Category priming with aliens: Analysing the influence of targets' prototypicality on the centre surround inhibition mechanism

, , , , &
Pages 585-596 | Received 15 Oct 2010, Accepted 20 May 2011, Published online: 15 Sep 2011
 

Abstract

Marginally perceptible prototypes as primes lead to slowed reactions to related category exemplars as compared to unrelated ones. This at first glance counterintuitive finding has been interpreted as evidence for a particular mechanism of lateral inhibition, namely the centre surround inhibition mechanism. We investigated the semantic surround of category labels by experimentally manipulating the prototypicality of stimuli. Participants first learned two new categories of fantasy creatures in a 5-day-long learning phase before they worked through a semantic priming task with the category prototypes as primes and category exemplars as targets. For high-prototypical targets we observed benefit effects from related primes, whereas for low-prototypical targets we observed cost effects. The results define when the centre surround inhibition mechanism is applied, and furthermore might explain why previous studies with word stimuli (i.e., material that prevents experimental manipulation of prototypicality) observed mixed results concerning the prototypicality of targets.

Acknowledgements

The research reported in this article was supported by a grant of the Deutsche Forschungsgemeinschaft to Dirk Wentura and Christian Frings (WE 2284/5-2).

Notes

1There are also models that explain this phenomenon by assuming that processing of the combined prime–target episode causes semantic priming.

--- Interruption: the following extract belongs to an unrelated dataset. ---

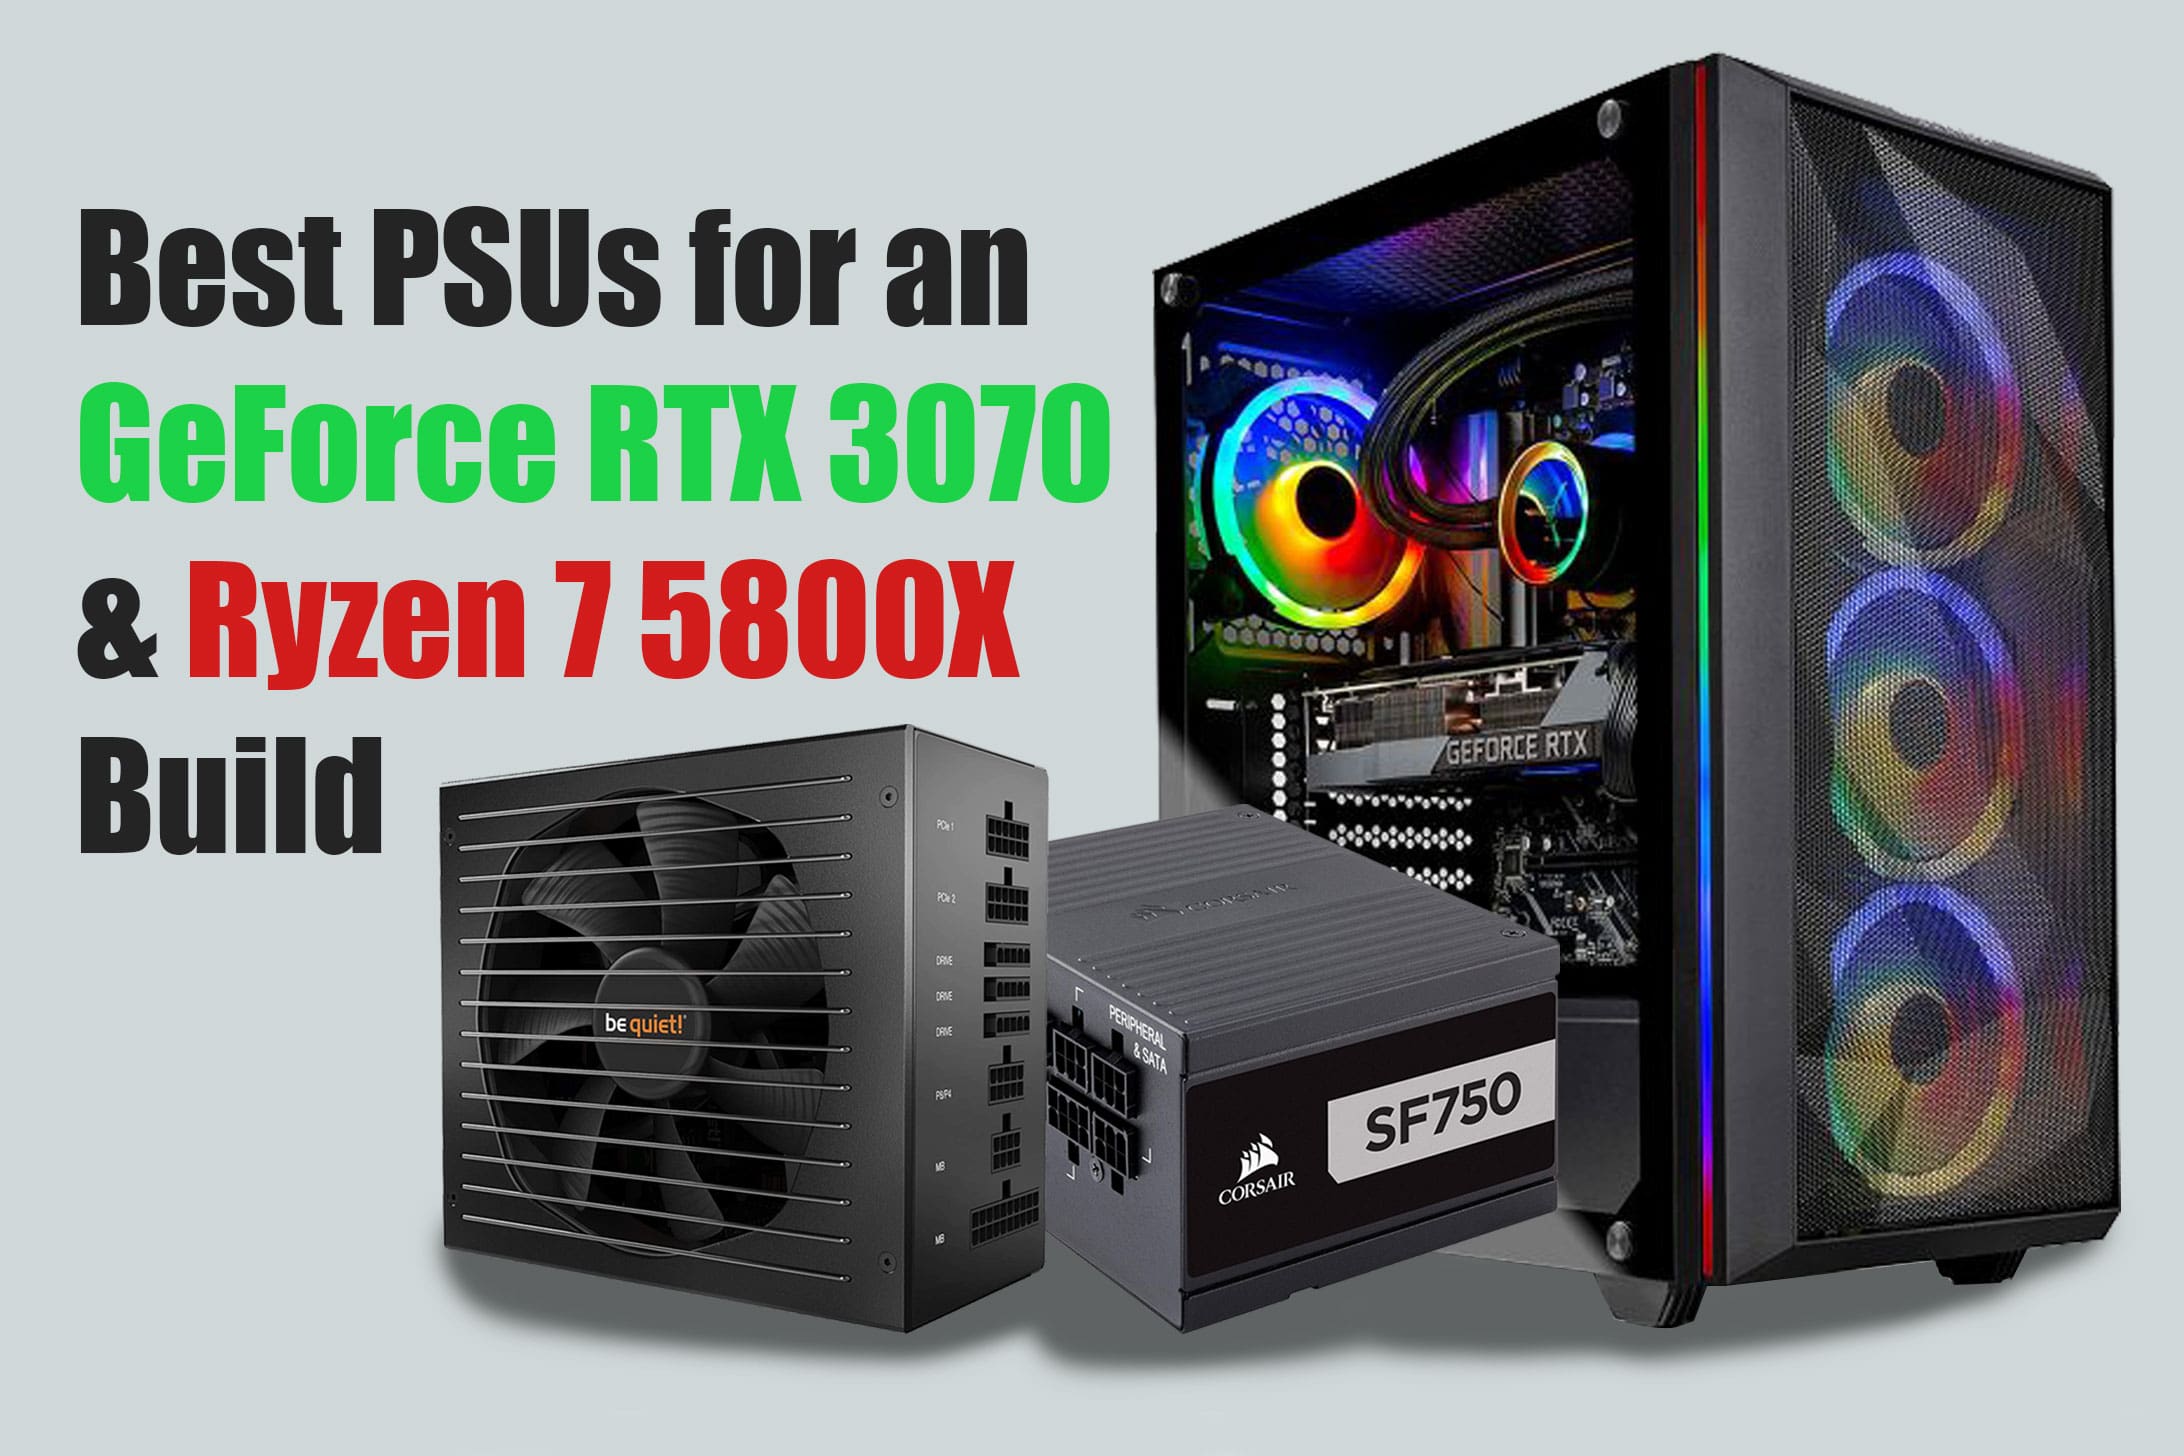 Best PSUs for an Nvidia GeForce RTX 3070 and AMD Ryzen 7 5800X Build

In particular, compound-cue models (e.g., Dosher & Rosedale, Citation1989; Ratcliff & McKoon, 1988) assume that the target and elements of the context (including the prime) provide a retrieval cue to memory; the familiarity of a cue (containing target and prime) is higher for related than unrelated pairs and hence reactions to related targets are faster. Moreover, it should be noted that there are further explanations of semantic priming in terms of strategic processes (e.g., in terms of expectancy-based priming; Becker, Citation1980). However, we will constrain our discussion to models that rest on non-strategic processes (see, e.g., McNamara, 2005).